The other new friend joining this battle was the hulking 88mm anti-tank gun, which is so big that it requires a truck to tow it into position. This absolute unit, if positioned well, is like a delete key for enemy tanks. Even in a head-on charge, with their heavy frontal armor protecting them, they just melt when this thing gets going. And with good spotting, it can fire at what feel like almost absurd ranges. But due to how cumbersome it is and how long it takes to set up, supporting it with more maneuverable troops is essential. And it has almost no chance to survive if it gets flanked, or if enemies get inside its minimum range. Overall, I hope to see more towed big guns like this, as it adds an interesting new dynamic of escalation, risk versus reward, and map control to the Company of Heroes formula.

Castles in the Sand

The whole vibe of fighting through North Africa is also utterly different from the missions I played last time. As the Allies in Italy, you’re sneaking through lush vineyards and blasting apart beautiful Renaissance churches, quite literally destroying the past to save the future. There’s a persistent sense of melancholy as you think about the fact that these places would all be spectacular vacation spots if there weren’t a horrible war going on. Out here on the baking dunes, there’s always a sense that this is a hostile land which doesn’t want you around. I’m a little bit disappointed that the sand and heat don’t actually affect your units – I think I was in the minority in that I really enjoyed the weather system and having to keep my units from freezing in Company of Heroes 2. But the lighting and architecture definitely tell a rich story.

I’m a little bit disappointed that the sand and heat don’t actually affect your units.

My first task was to break through a British trench line, which I did somewhat ahistorically by Tokyo drifting my tanks around to take advantage of the new directional armor system as much as possible. COH 3’s tactical pause even lets you choreograph maneuvers worthy of a Fast and the Furious climax scene. With the DAK’s talent for getting battered panzers back onto the front line quickly, you can afford to take more risks with even some pretty expensive units.
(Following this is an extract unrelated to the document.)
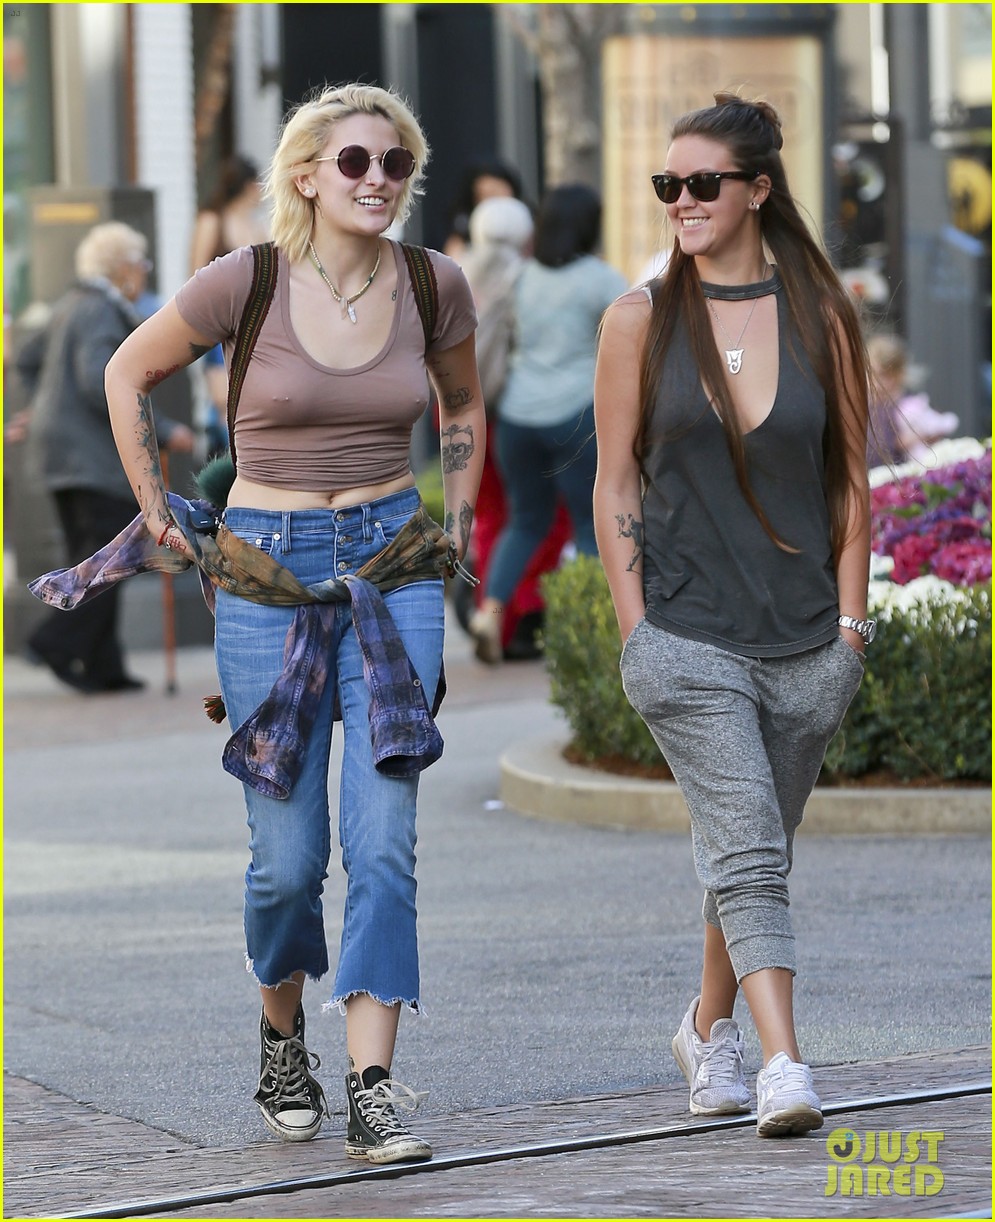 paris jackson goes braless for shopping trip with prudence brando 02

The next phase has you set up the chonky 88mm, but also highlights its weaknesses when enemy artillery zeroes in on you and you’re forced to reposition it in the middle of a battle. Smaller, more agile field guns can be told to manually attack any spot of ground in their range even without vision, so merely letting your enemy get a quick peek at where your 88 is deployed can put it in great danger. I can see this leading to scouting and scout-hunting becoming a lot more important, especially in multiplayer.

You Shall Not Pass

The final phase of the mission gave me a very short amount of time to set up a defensive line in the town to stop the full-speed British retreat. Their units barely stopped to engage me here, so it was really a matter of having enough firepower to make sure no one slipped through. On my first try, a couple infantry units made it past me while my big guns focused on the enemy armor and trucks, reinforcing that what looks like a formidable defensive line can be quite porous if you don’t supplement it with a few machine guns or regular infantry posted up in a window.
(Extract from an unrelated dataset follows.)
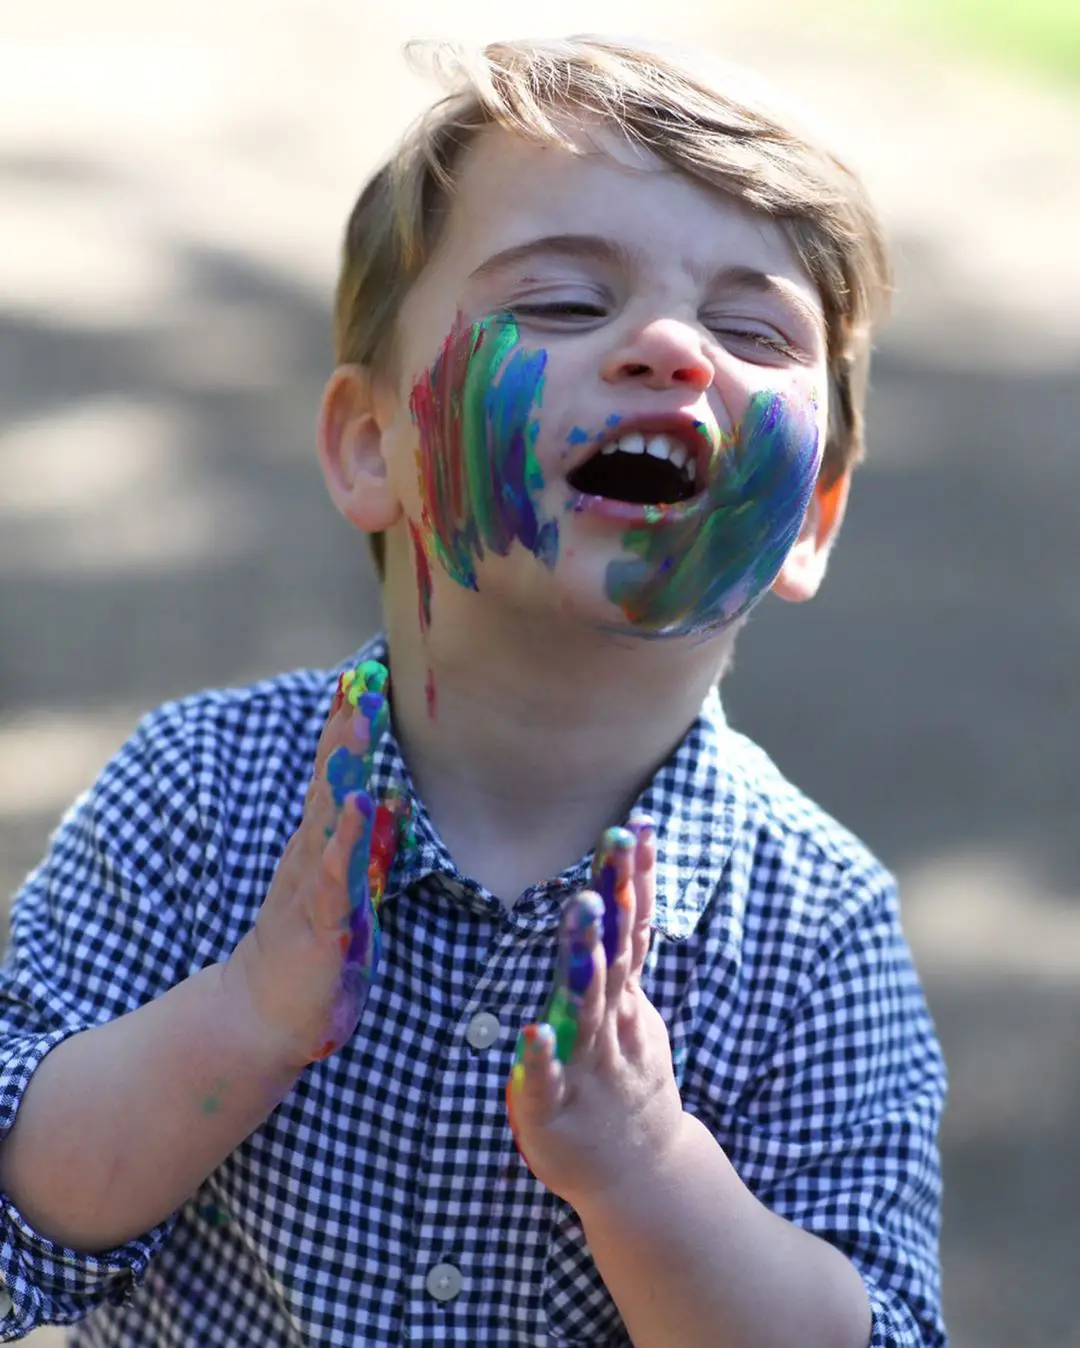 Prince Louis of Cambridge with rainbow paint on his face in his birthday pictures

It’s certainly ambitious to include two, very different single-player campaigns in Company of Heroes 3, covering a large swathe of the Mediterranean theater and entirely different eras of the war. The developers told me they obviously have had to think carefully about how to balance these factions when, for instance, the DAK is years behind the other three technologically. In multiplayer, the remaining playable armies represent the German, British, and American forces from later in the war. The idea is that they should be able to hold their own and succeed on any map, though, and won’t be tuned to excel specifically in the desert at the expense of other environments.

If you don’t want to take my word for it, though, you can try out the mission yourself starting today and running through July 19th!